I listen to music while I write, and it really helps it feel more realistic. I would suggest if you are able to dim the lights and turn on some music while reading. It transports you to another place for a while, and really enhances the read. I hope you like, as I'm totally a Team Eric girl. I read his character through the books, and am sold-lock, stock, and smoking barrel. Oh, and the usual disclaimer: I borrowed this stuff from Charlaine Harris-keep writing, girl!!! :[
".....You take the breath right out of me.
You left a hole where my heart should be.
You gotta fight just to make it through.
'Cause I will be the death of you......."
- Breaking Benjamin, "Breath"
-(SPOV)- It is dark. I am running barefooted, in my nightgown, and the gravel is hurting my feet. I'm running for my life, but I know nothing; I
have no idea where I am, where I've been, or where I'm going. The on ly thing I know is that I can feel someone who I know will protect me,
someone who I know will help me. My lungs feel like they're on fire from the deep breaths I've been heaving in and out while I've been running,
running for what seems like hours. I can't run anymore now. I have to stop and catch my breath. As I come to a jerky stop and bend over at the
knees to end the burning in my lungs, I begin to hear the sounds I hadn't been hearing over the gravel crunching under my feet. I look around
at the dark woods around me and at the mostly dark country road in front of me, illuminated scantily by the half moon. The fear in me is building.
I am very afraid, and panic starts setting in. A million chaotic thoughts were screaming through my mind, and I was confused and scared. I am
realizing that no one is coming to help me, and then I hear it. A gentle snap of a twig sends my adrenaline rushing through my veins. I am so
close to screaming. I hear it again, but slightly closer. Another snap, but this time from somewhere on my other side. I am sweating profusely
and my fingernails have dug crescents into my palms. I can't take it anymore, and hear a dry, broken scream coming from my still-burning lungs.
And all of a sudden, I felt like I was falling suddenly and quickly................
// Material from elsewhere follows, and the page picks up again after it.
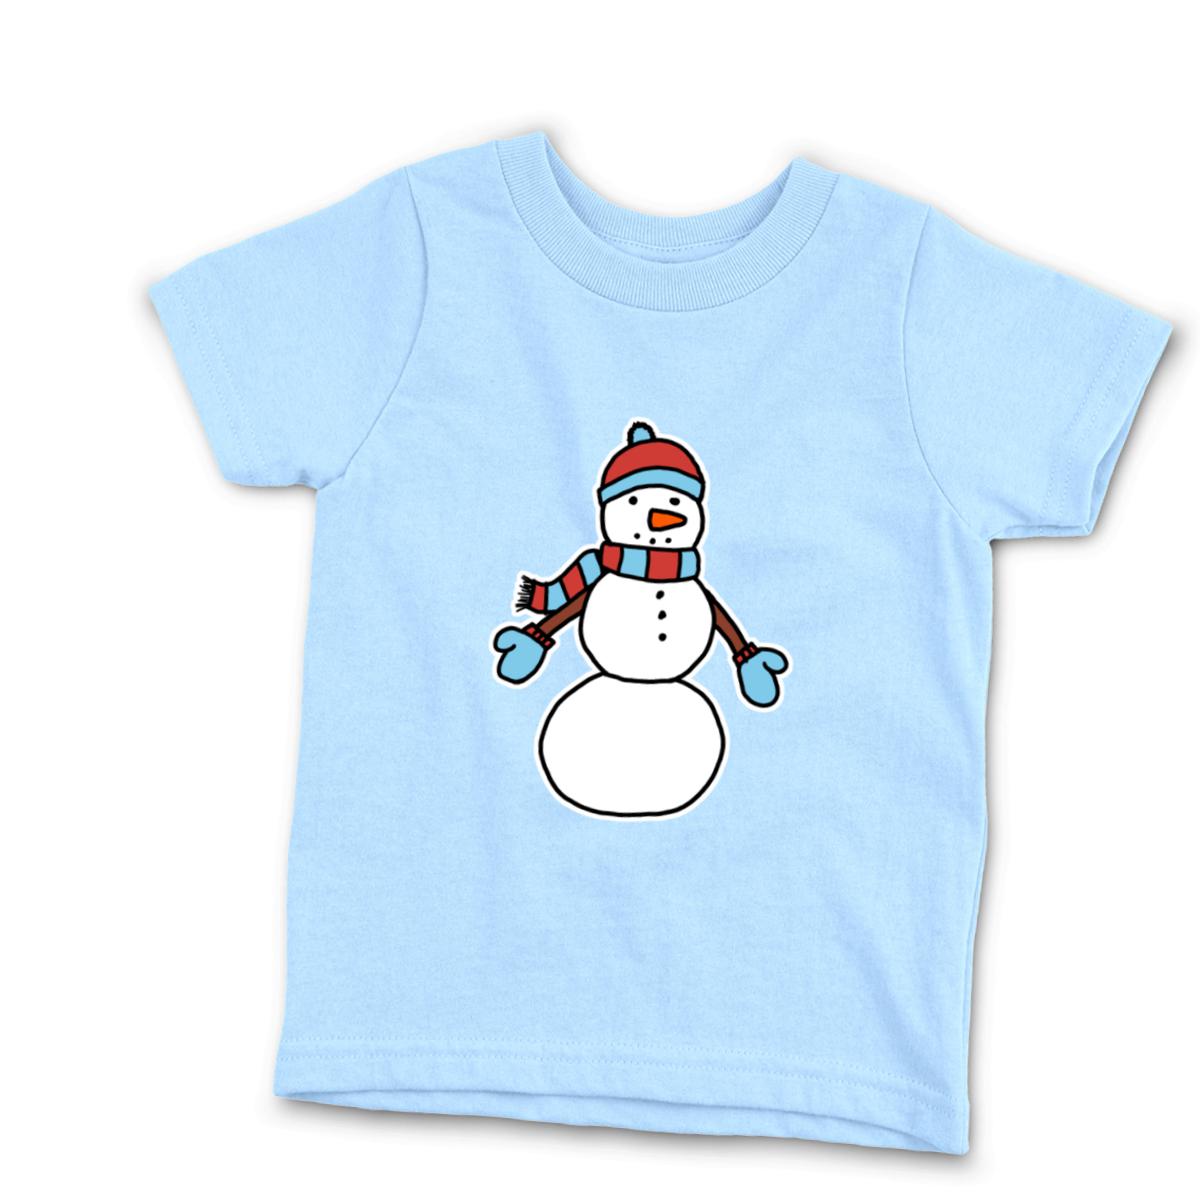 Snowman Bundled Up Kid's Tee Small light-blue

I flew upright in my bed, covered in sweat and screaming loudly. My eyes were wide in the dark, my breathing coming in jagged breaths, until I
realized I was home. I looked around and saw my dresser near the window, with the curtain softly billowing in the cool night air. I heard nothing
around me, and realized I was safe. I inhaled deeply, and tried to calm myself, breathing out a huge sigh-a sigh of relief that I wasn't going to
be harmed, and that I wasn't lost, mentally or physically. I leaned back on one arm, and rubbed my eyes and my face with my free hand. I just
had a horrible dream. My first thought was that I hoped Bill didn't come running over here to see if I was in need of assistance fromm all the
screaming I had been doing for who knows how long. Oh yeah, Bill's not here. He's out of the country. Well, thank God I'll be spared the
embarrassment of someone knowing about these stupid dreams I've been having for the past few nights. Ever since last week, I'd been getting the
greatest, deepest sleep I'd had in weeks, with all that had been going on. But, the deep restful sleep eventually turned into a very realistic,
scary dream. I've read on the internet that dreams have been "interpreted" to mean something, but how the hell did the "experts" know that an
object symbolizes a certain meaning when you dream about it? I wasn't so sure about the dream interpreting stuff. I reached over and flipped
my lamp on next to the bed on my old nightstand. -Click.-- I looked around, and my room was exactly the way I'd left it when I crawled into bed
tonight. I looked at the clock beside the lamp, and it was reading 12:30am. Great. Just fucking great. Here I thought I'd woken up with this
stupid nightmare halfway through my sleep or more, but I hadn't been in bed more than a few minutes this time. Disgusted at my continuing
issues with night terrors that I couldn't explain (I hadn't been eating before bed or anything unusual) I threw back the covers and stomped
down the hall to the kitchen. The rest of the house was dark, but I knew it like the back of my hand. I grew up in this house. I could go blind and
never have a problem finding my way around it. I reached the kitchen sink, and flipped the fluoresents on. With a few tings, the light blinked on
to create a soft, bluish glow. I opened a cuppard door and reached for a glass. I silently poured a quarter glass of cool tap water, and let the
liquid ease the discomfort of my parched mouth and throat. Damn, I really must have been yelling my head off. My throat felt raw. I started
debating talking to Sam about my nightmares, but I immediately squashed that idea. He already worries about me enough as it is. I decided I
wanted to sit outside on the porch swing, so I grabbed my old ugly afghan off the back of the couch and walked outside with my glass in hand. I
closed the door behind me and walked over to the swing and sat.